On November 15, 2005, bar counsel moved to have the allegations in the petition for discipline against the respondent deemed admitted pursuant to Section 3.15(e) of the Board of Bar Overseers Rules. The respondent received notice of bar counsel’s motion, but failed to respond. On November 29, 2005, the board notified the respondent that the allegations in the petition for discipline had been deemed admitted and that he had waived his right to present evidence in mitigation pursuant to Section 3.15(e) and (f) of the Board of Bar Overseers Rules. The notice from the board also informed the respondent that he could move for relief from default by filing a motion, supporting affidavit(s), and a proposed answer within twenty days, and that his failure to do so would foreclose him from denying the allegations in the petition or presenting evidence in mitigation. The respondent did not move for relief within twenty days or otherwise respond to this notice.
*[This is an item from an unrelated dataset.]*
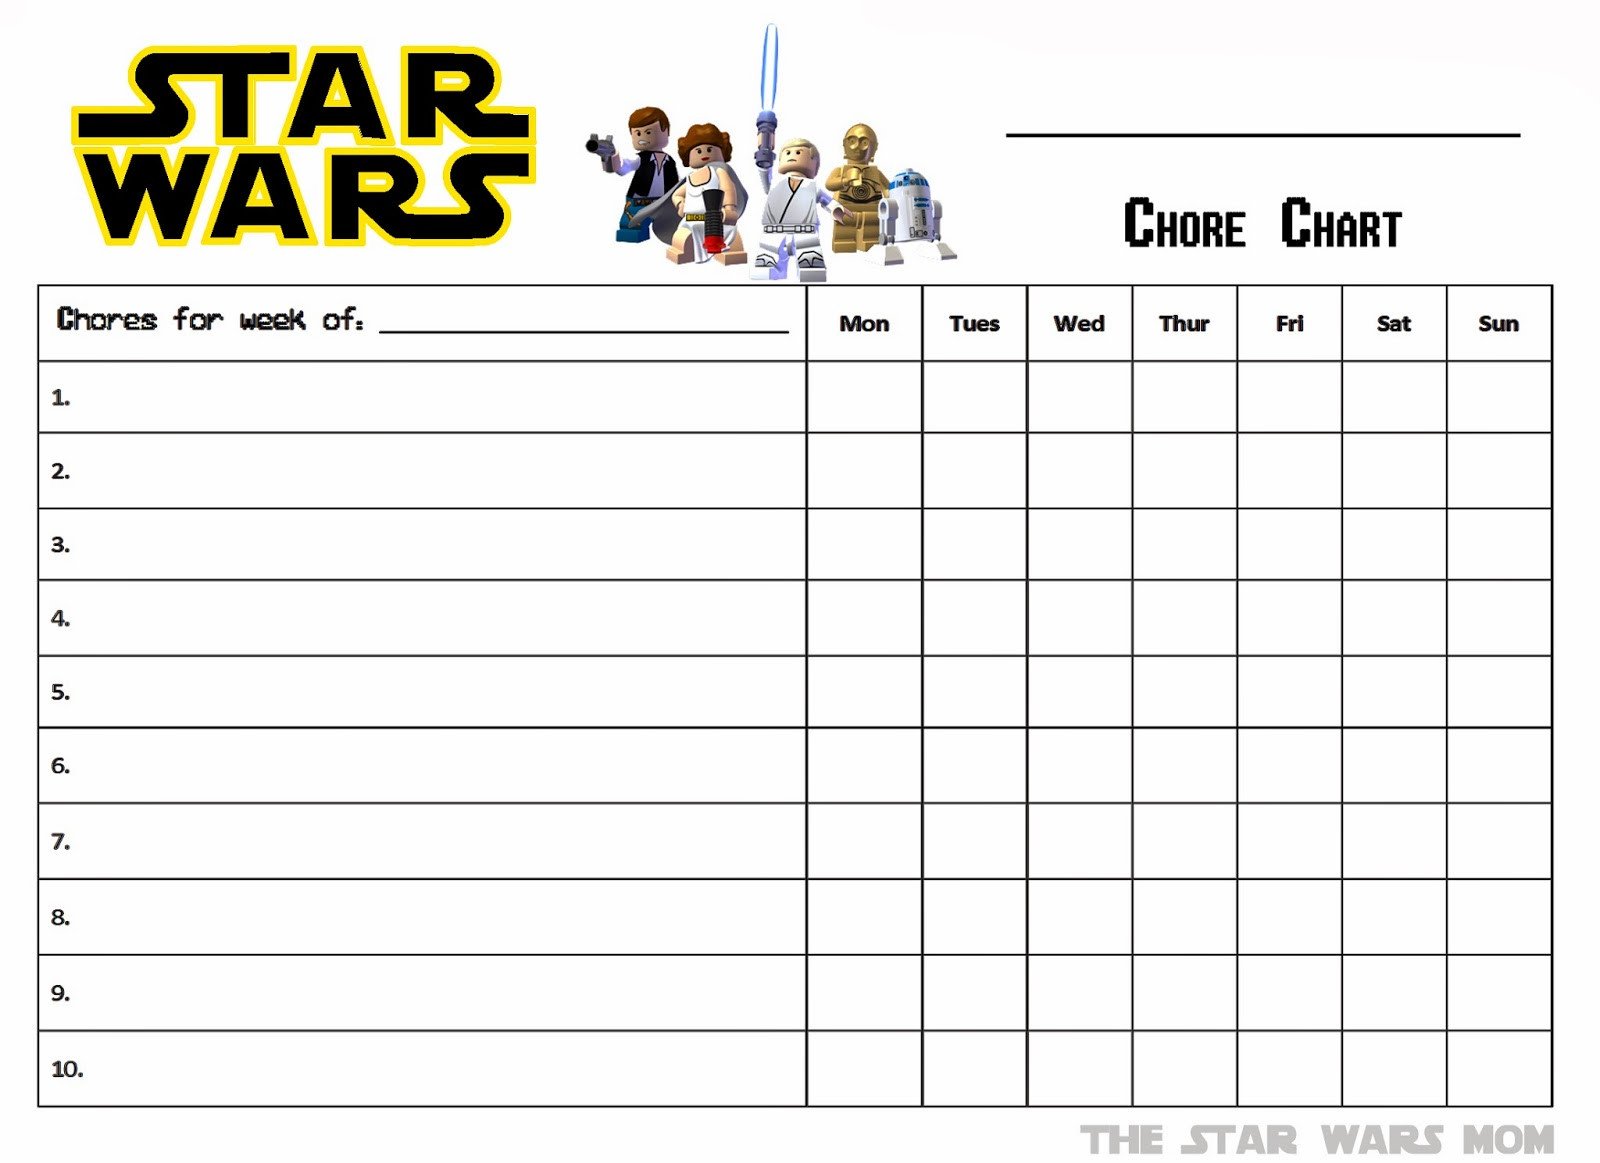 Lego Star Wars Free Printable Chores Chart The Star

On March 20, 2006, upon the respondent’s default, the board voted to file an Information with the Supreme Judicial Court recommending that the respondent be disbarred. On April 3, 1996, the Board of Bar Overseers filed an Information recommending that the respondent be disbarred effective on the entry date of judgment.

The matter came before the Supreme Judicial Court for Suffolk County on April 21, 2006. The respondent did not appear for the hearing, but left a telephone message with the Court advising that he was unable to appear because of a medical condition. The county court ordered that, absent a letter from a physician describing the respondent’s medical condition and why it prevented him from attending the hearing on or before May 12, 2006, it would accept the recommendation of the board and impose an order of disbarment. The respondent failed to submit a letter from a physician by May 12, 2006. On July 18, 2006, the county court, Cowin, J., entered a judgment of disbarment.

1 The complete Order of the Court is available by contacting the Clerk of the Supreme Judicial Court for Suffolk County.

2 Compiled by the Board of Bar Overseers based on the record before the Court.